Why is taking the inverse Fourier transform the same as taking the Fourier transform when computing the cepstrum?

Question

Usually, the cepstrum of a signal is introduced as the result of taking the logarithm of its power spectrum, then applying the inverse Fourier transform:

$$C_p = |F^{-1}\{\log(|F\{f(t)\}|^2)\}|^2$$

It is also sometimes called a "spectrum of a spectrum" since it can also be defined as:

$$C_p = |F\{\log(|F\{f(t)\}|^2)\}|^2$$

I'm really having trouble understanding how the two are equivalent (up to a scaling factor), and this is I get the impression quite important to understanding why in other processing steps (e.g. mel frequency cepstrum) a forward transform is taken at the end instead of an inverse transform...

Answer 1

The only difference between these two formulas is $\mathcal{F}$ and $\mathcal{F}^{-1}$, so let's take a look at the definitions of DFT and IDFT (we'll see this property in discrete domain)

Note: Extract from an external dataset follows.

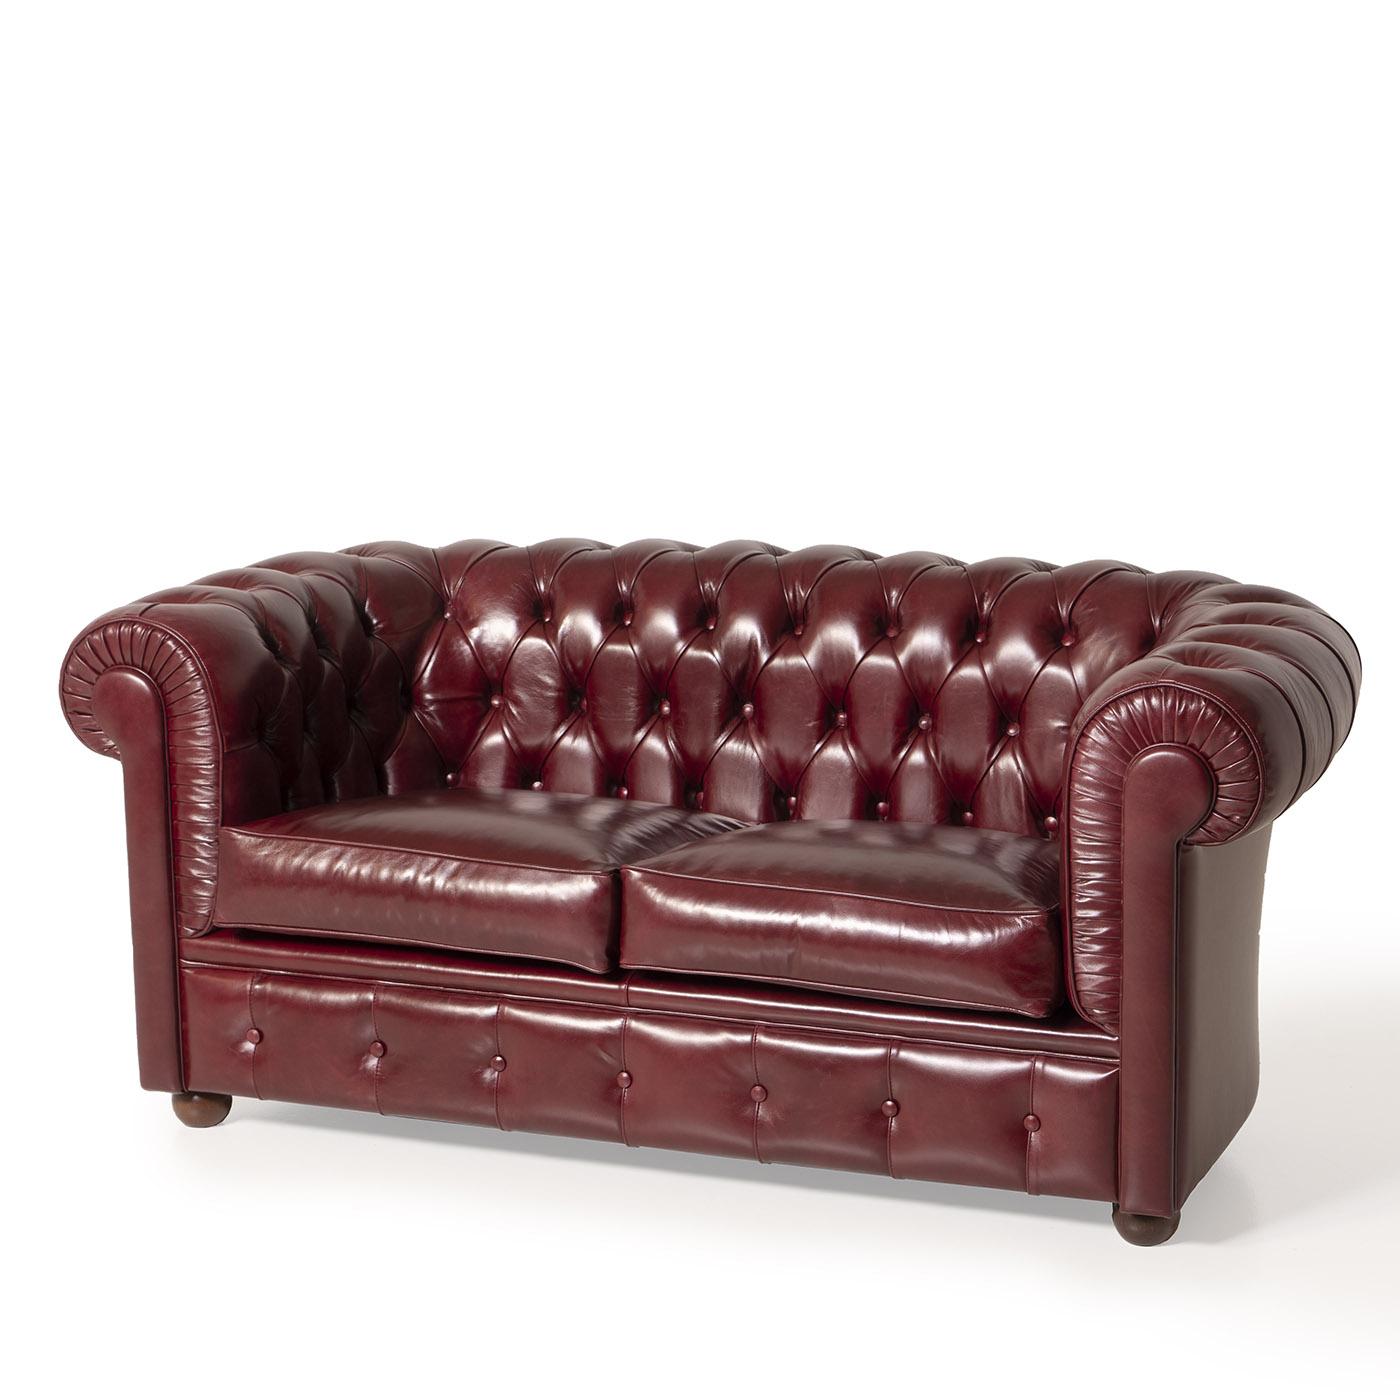 Contemporary Chesterfield Bordeaux Leather Sofa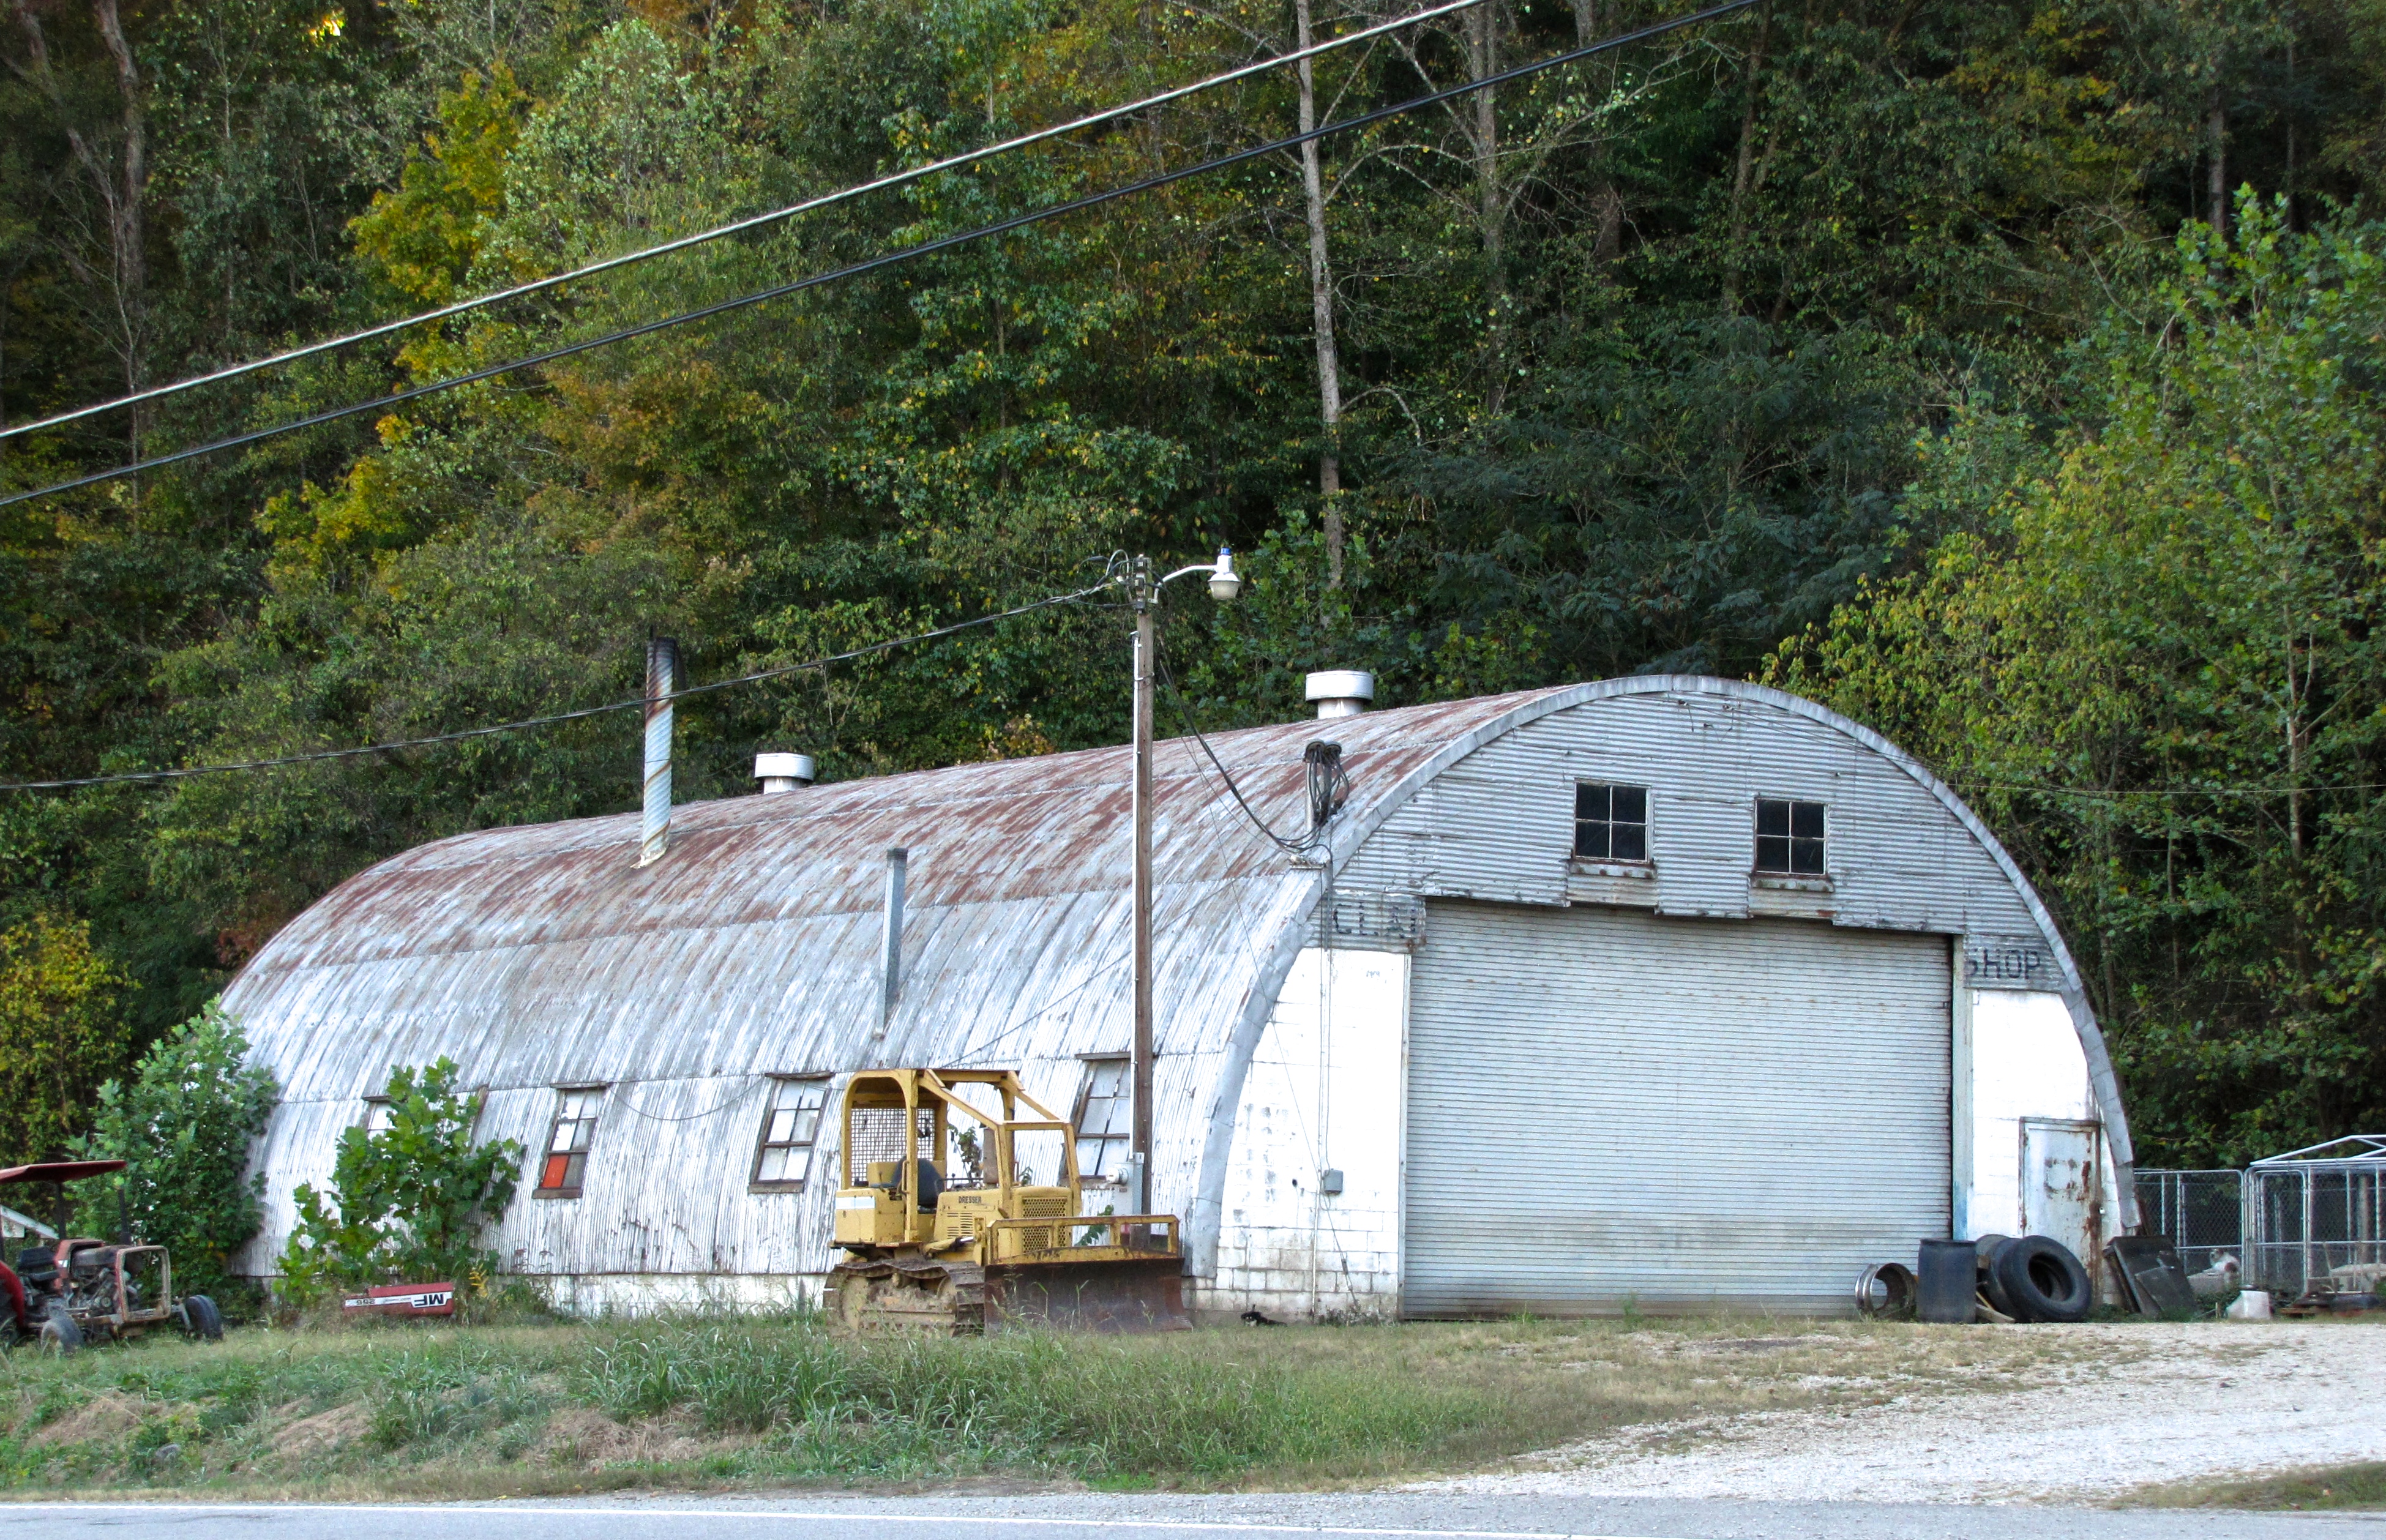 quonset hut in Fords, NJ

$$ X[k] = \sum_{n=0}^{N-1}x[n]e^{-j\frac{2\pi}{N}kn} $$

$$ x[n] = \frac{1}{N} \sum_{k=0}^{N-1}X[k]e^{j\frac{2\pi}{N}kn} $$

In our common sense $x[n]$ is a time sequence and $X[k]$ is a frequency sequence, however you can also treate DFT and IDFT as two transforms that can be applied to any sequence, in this case, $\log(|\mathcal{F}\{x[n]\}|^2)$, let's denote it as $f[m]$. The DFT and IDFT of $f[m]$ are respectively

$$ \mathcal{F}\{f[m]\} = \sum_{m=0}^{N-1}f[m]e^{-j\frac{2\pi}{N}km} $$

$$ \mathcal{F}^{-1}\{f[m]\} = \frac{1}{N} \sum_{m=0}^{N-1}f[m]e^{j\frac{2\pi}{N}mn} $$

There are two main differences, a scaling factor $1/N$ and a conjugation. Since $f[m]$ is a real sequence, we can derive that $$ \mathcal{F}\{f[m]\} = N \big[\mathcal{F}^{-1}\{f[m]\}\big]^* $$

Finally take the norm of these two sequences and we get two equivalent sequences with a scaling factor.